▶ **Task statement**
Word for word, restate the lines of the data below between those holding "Wiener Philharmoniker in" and "Традиционный суданский ресторан", inclusive; pictures do not belong in the copy.

▶ **Input data**
==================================================
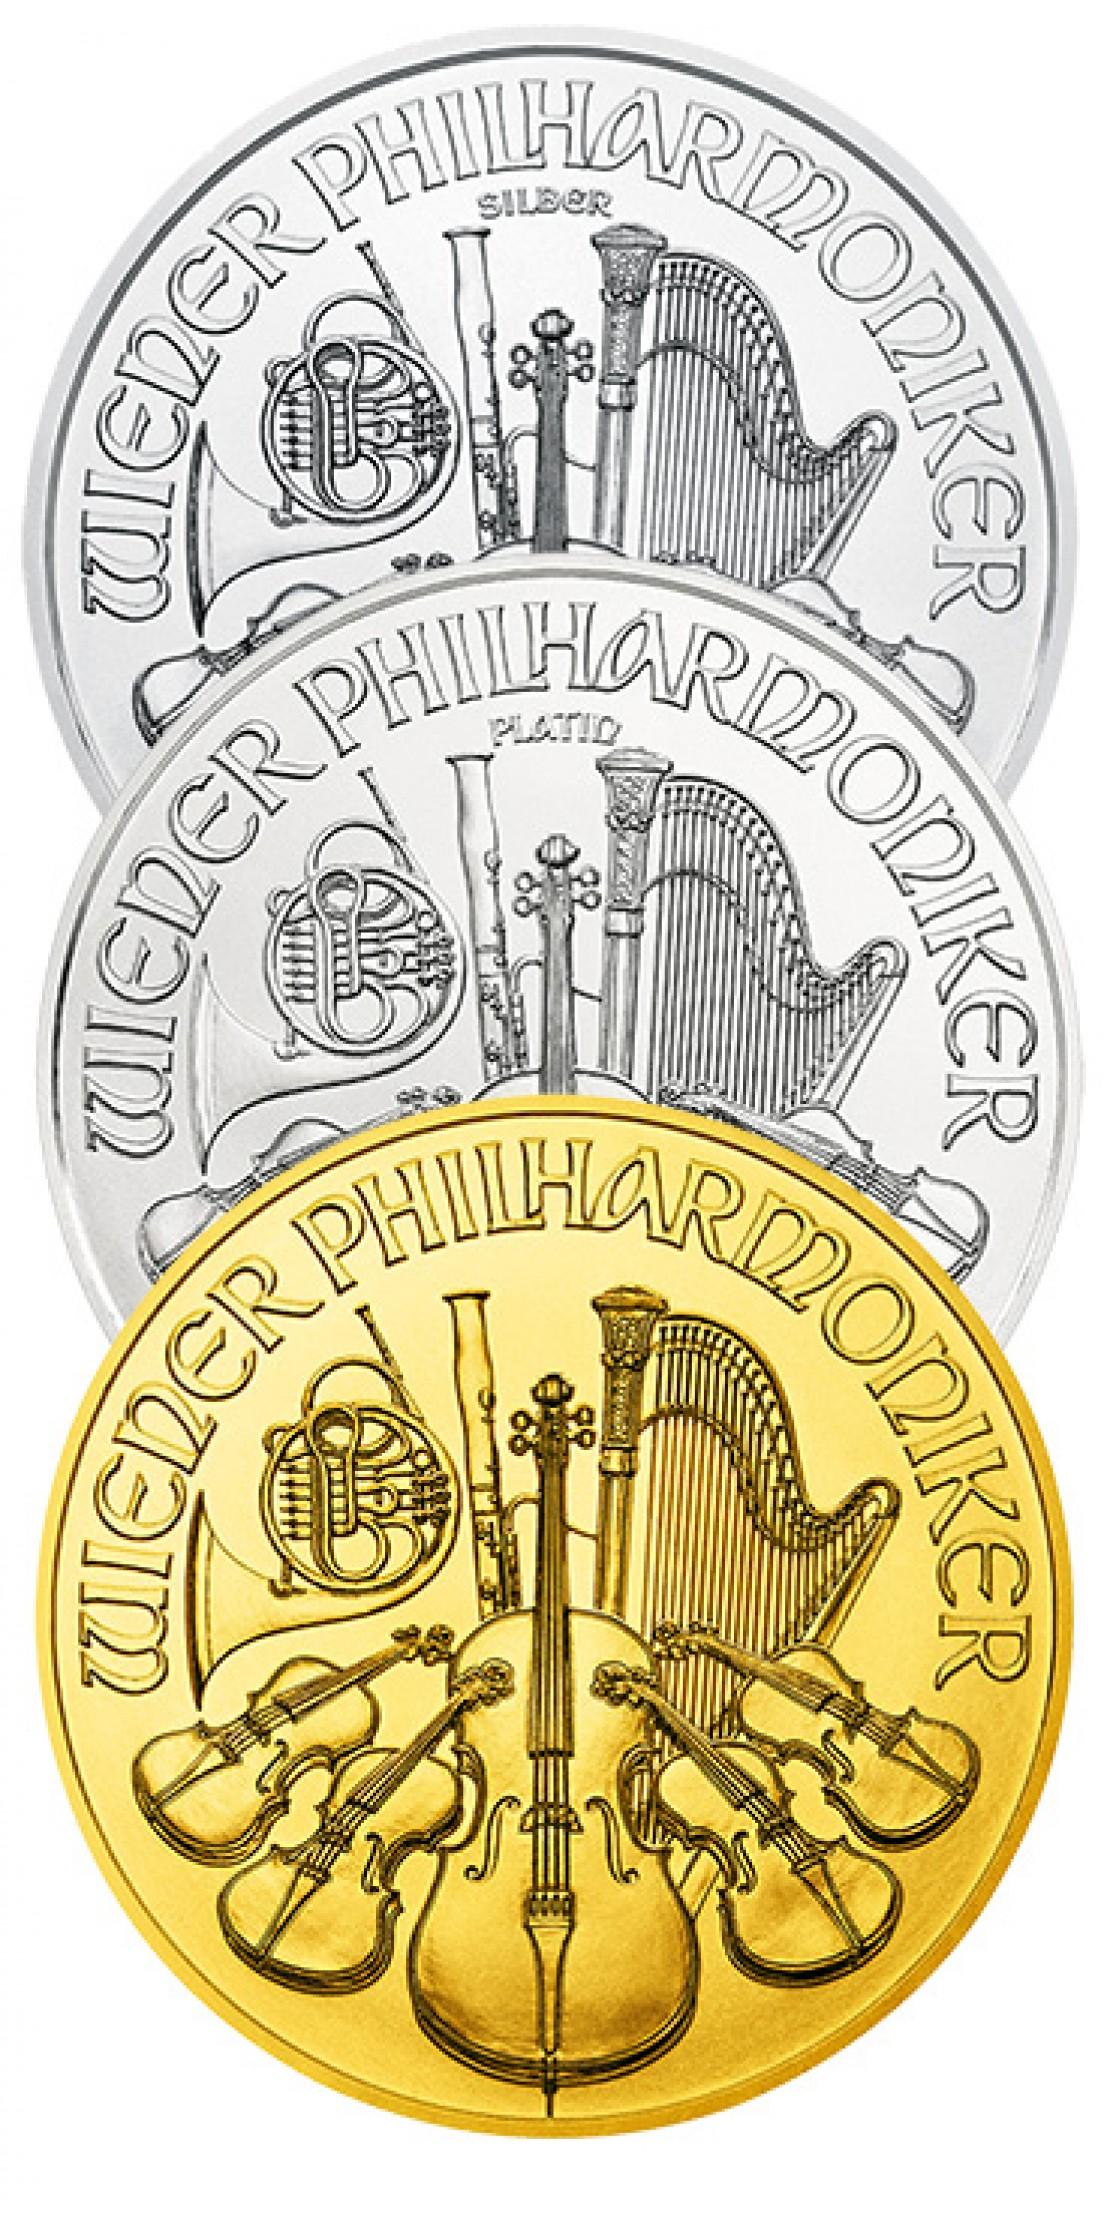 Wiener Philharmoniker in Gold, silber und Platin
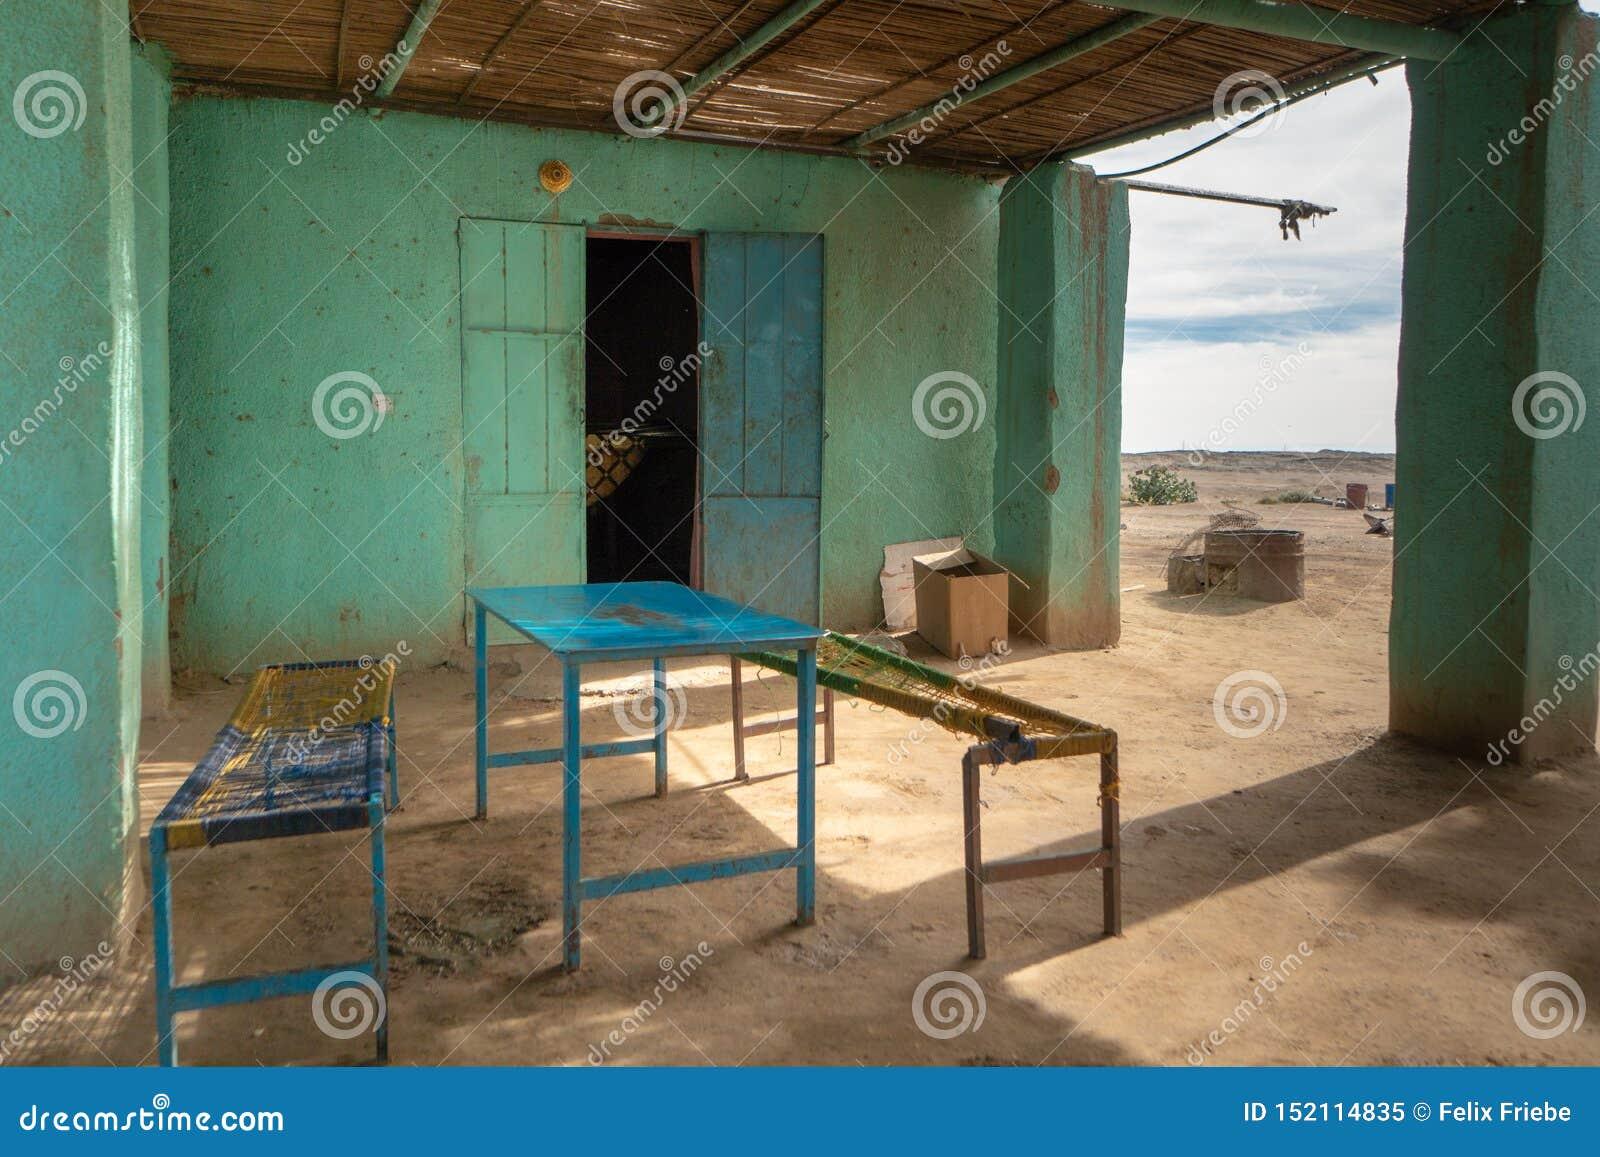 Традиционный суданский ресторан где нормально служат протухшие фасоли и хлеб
==================================================
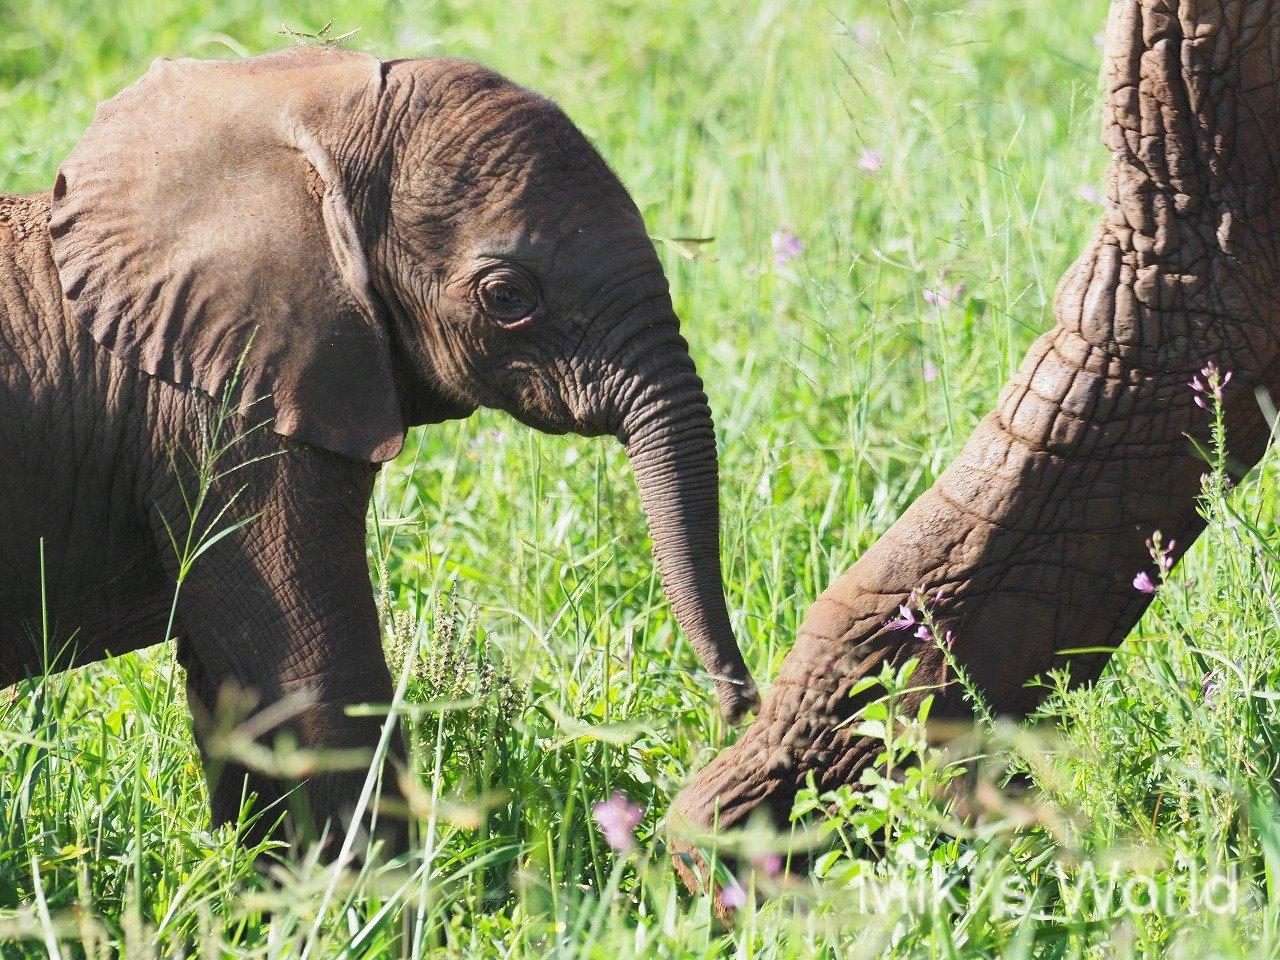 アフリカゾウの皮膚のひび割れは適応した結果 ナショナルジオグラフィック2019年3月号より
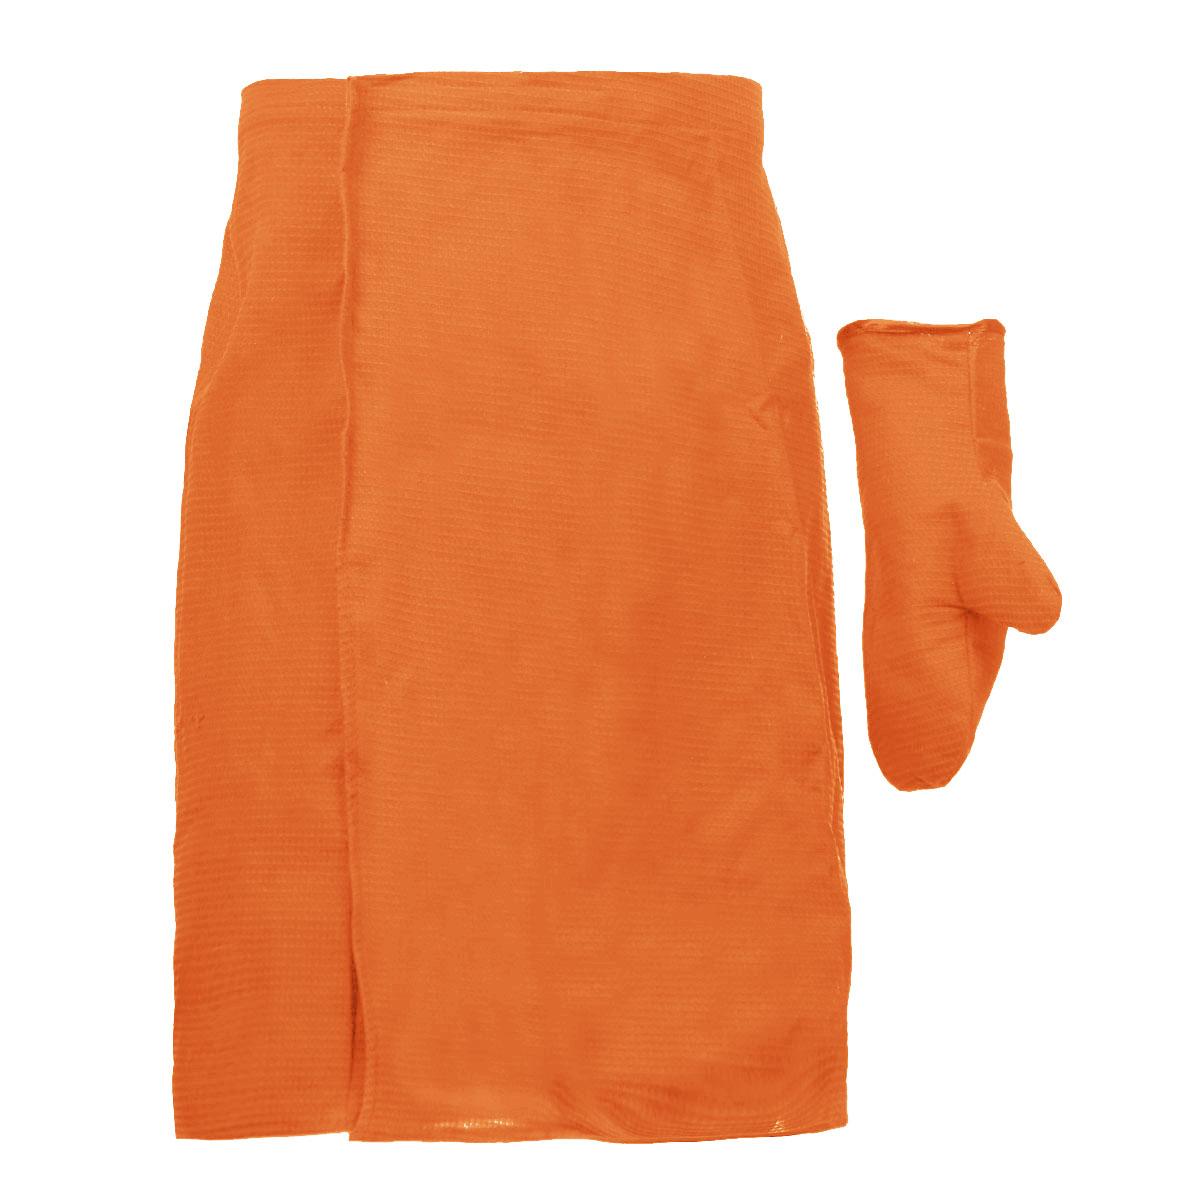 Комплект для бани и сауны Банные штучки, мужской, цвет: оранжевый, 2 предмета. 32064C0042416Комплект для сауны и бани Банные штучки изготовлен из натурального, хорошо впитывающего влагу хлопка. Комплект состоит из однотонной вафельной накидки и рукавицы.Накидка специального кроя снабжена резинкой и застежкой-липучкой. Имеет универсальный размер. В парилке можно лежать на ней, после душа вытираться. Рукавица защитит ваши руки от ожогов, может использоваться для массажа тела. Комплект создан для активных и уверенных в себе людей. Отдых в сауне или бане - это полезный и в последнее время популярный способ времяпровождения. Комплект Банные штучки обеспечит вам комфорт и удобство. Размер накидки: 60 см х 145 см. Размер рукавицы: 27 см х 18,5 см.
==================================================
▶ **Problem solution**
 Wiener Philharmoniker in Gold, silber und Platin
 Традиционный суданский ресторан где нормально служат протухшие фасоли и хлеб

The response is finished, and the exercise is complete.